All of the data below should come back exactly as written, minus its images.

* Given data:
----

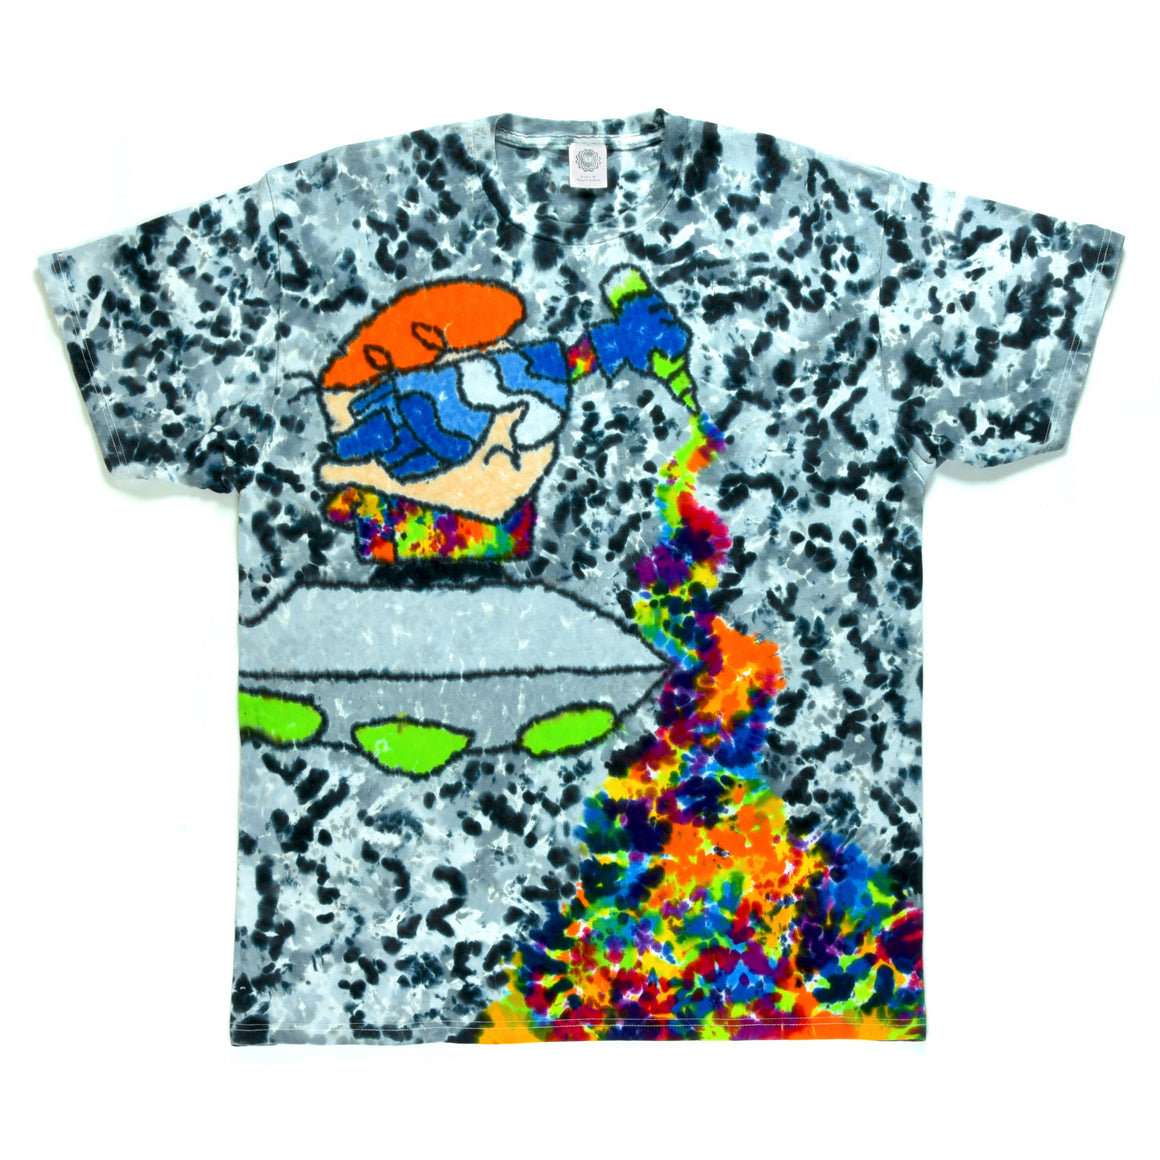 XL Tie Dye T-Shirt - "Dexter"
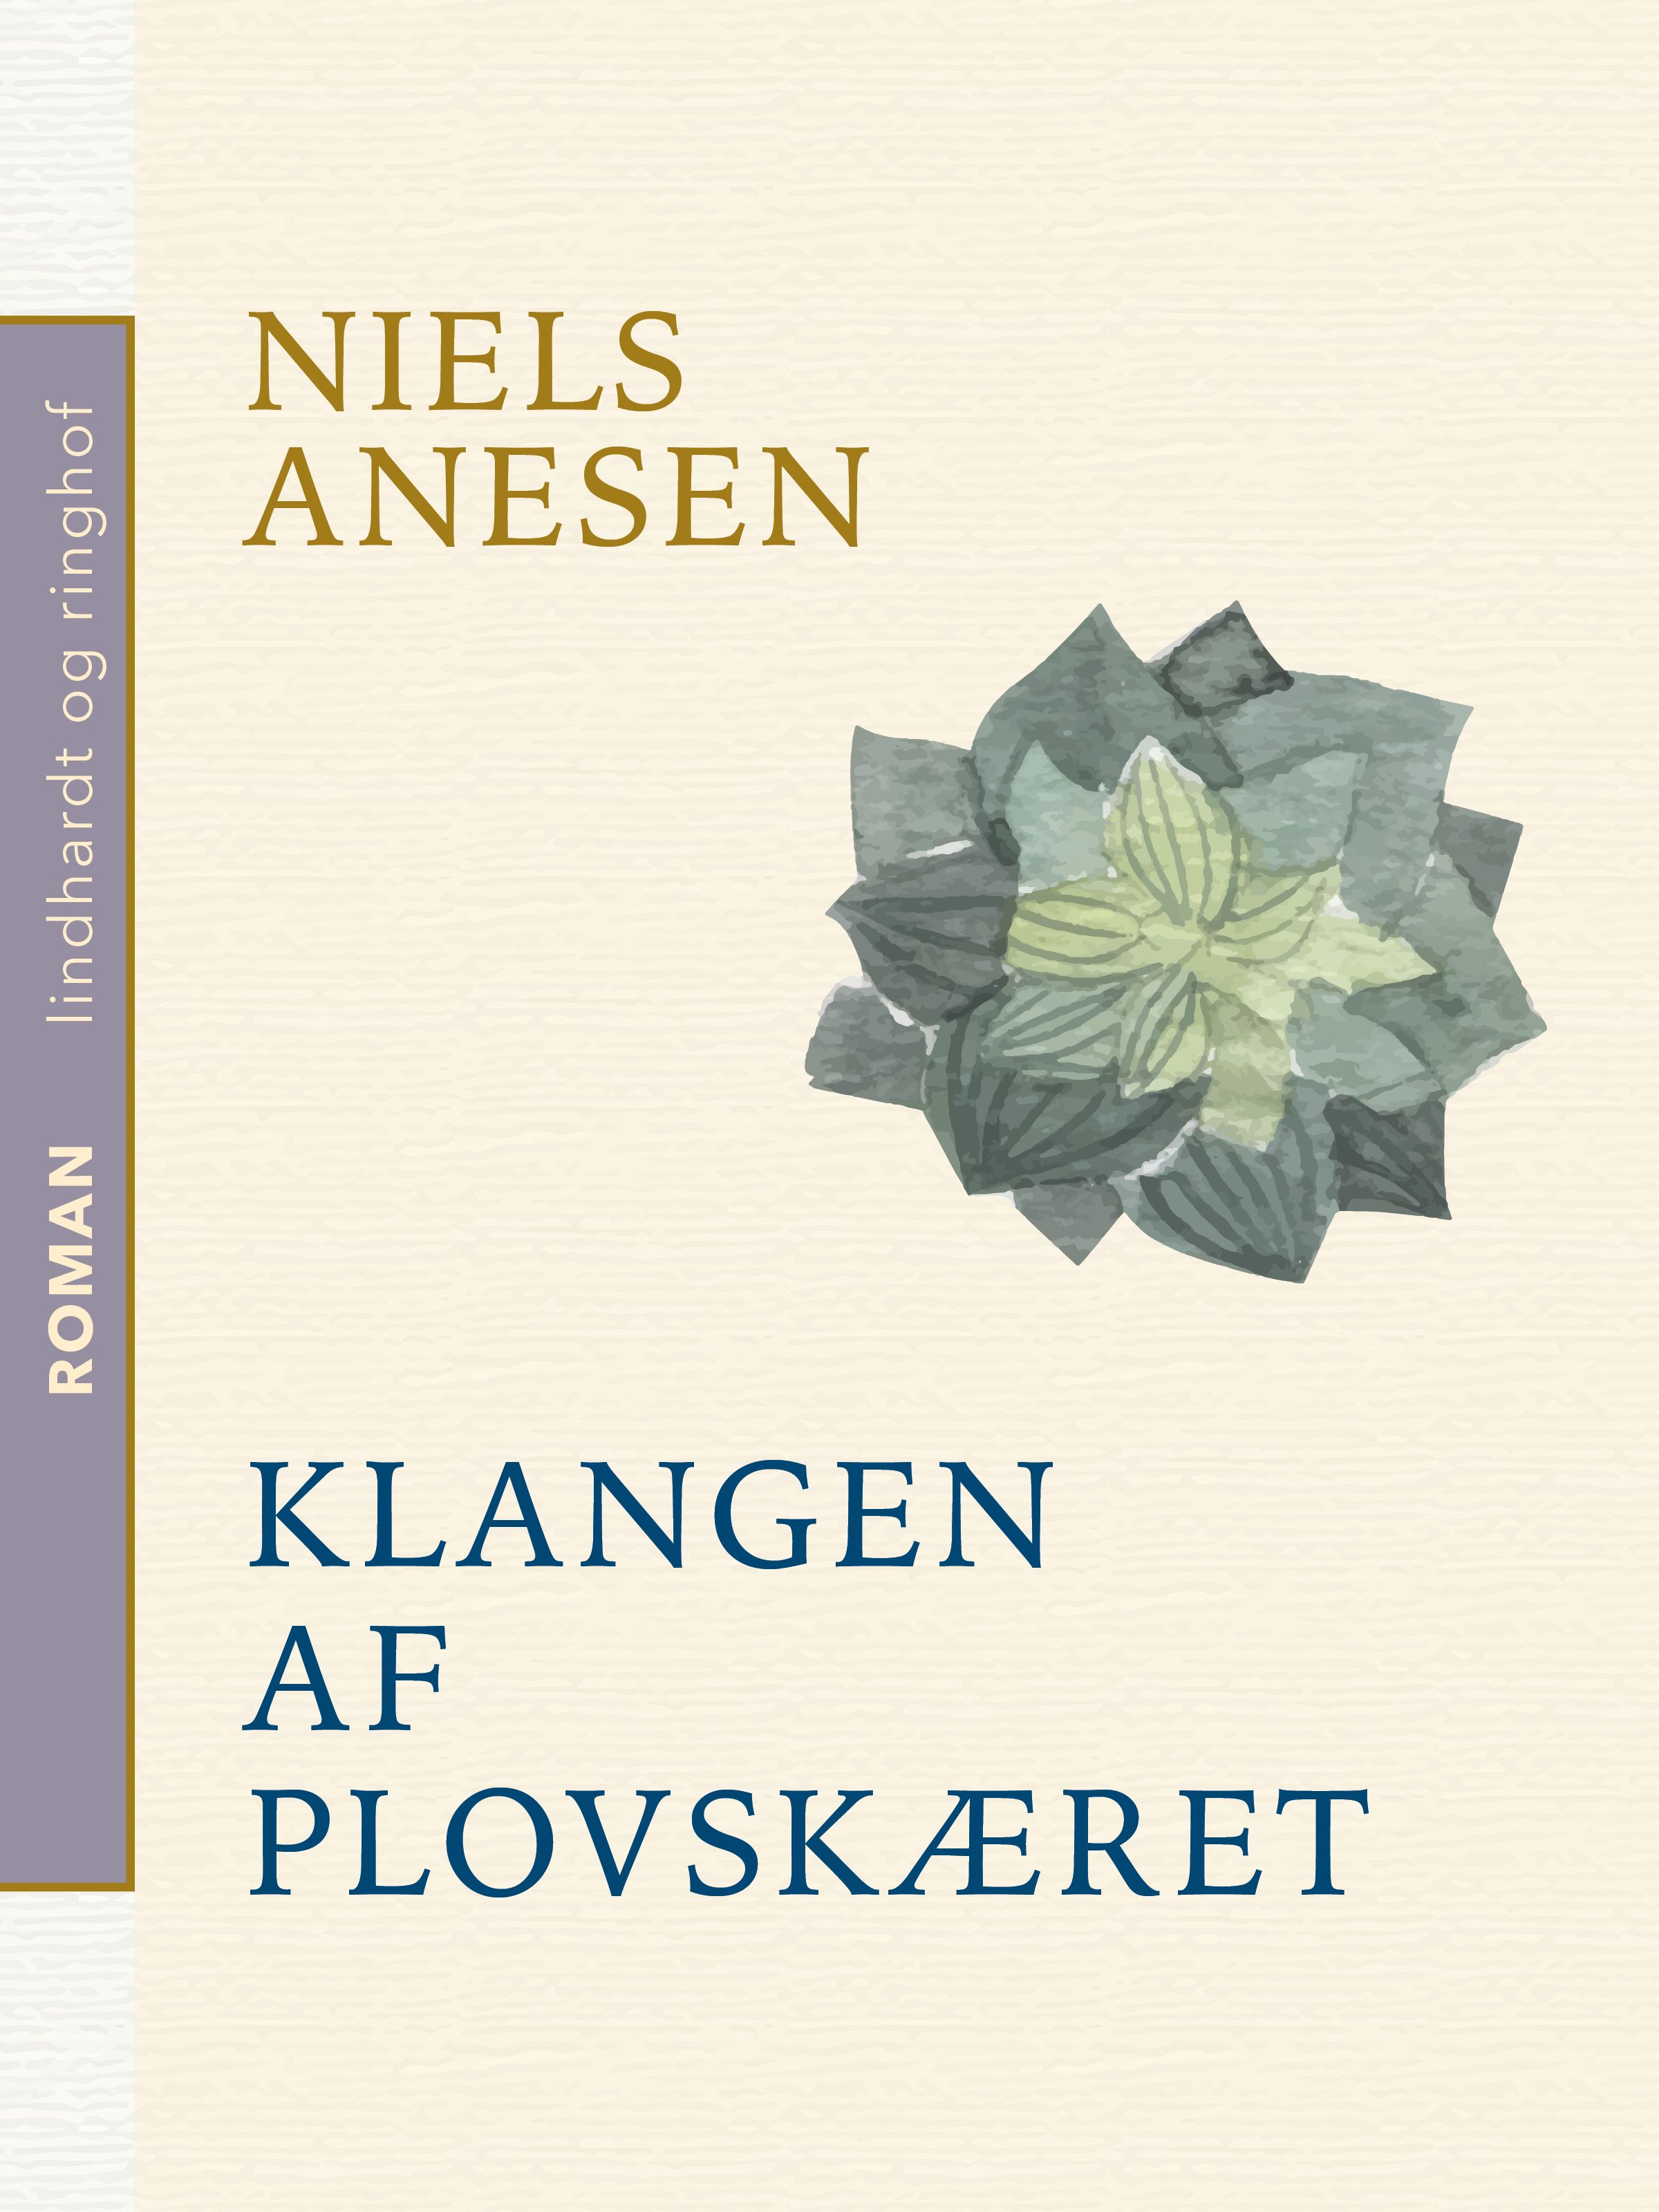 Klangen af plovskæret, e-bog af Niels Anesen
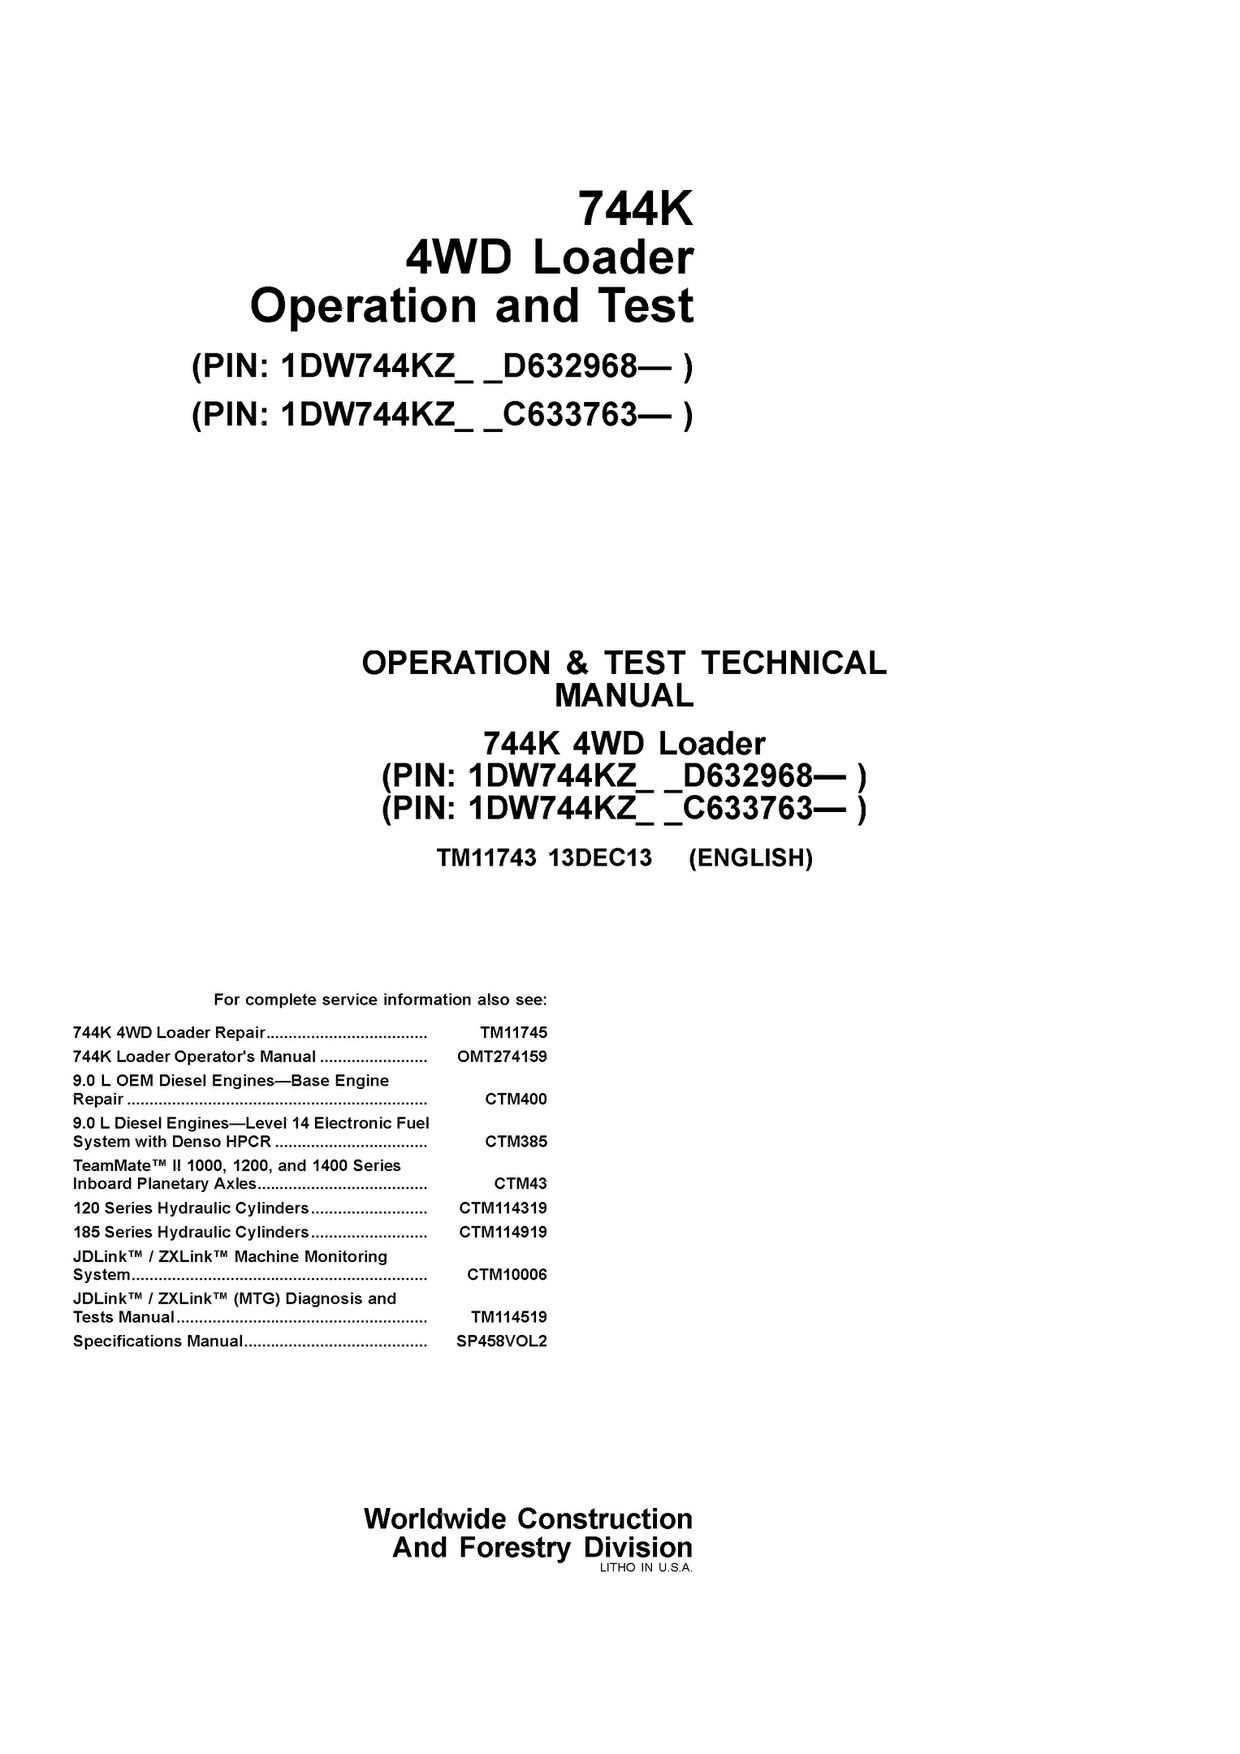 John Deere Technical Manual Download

----

* Output:
 XL Tie Dye T-Shirt - "Dexter"
 Klangen af plovskæret, e-bog af Niels Anesen
 John Deere Technical Manual Download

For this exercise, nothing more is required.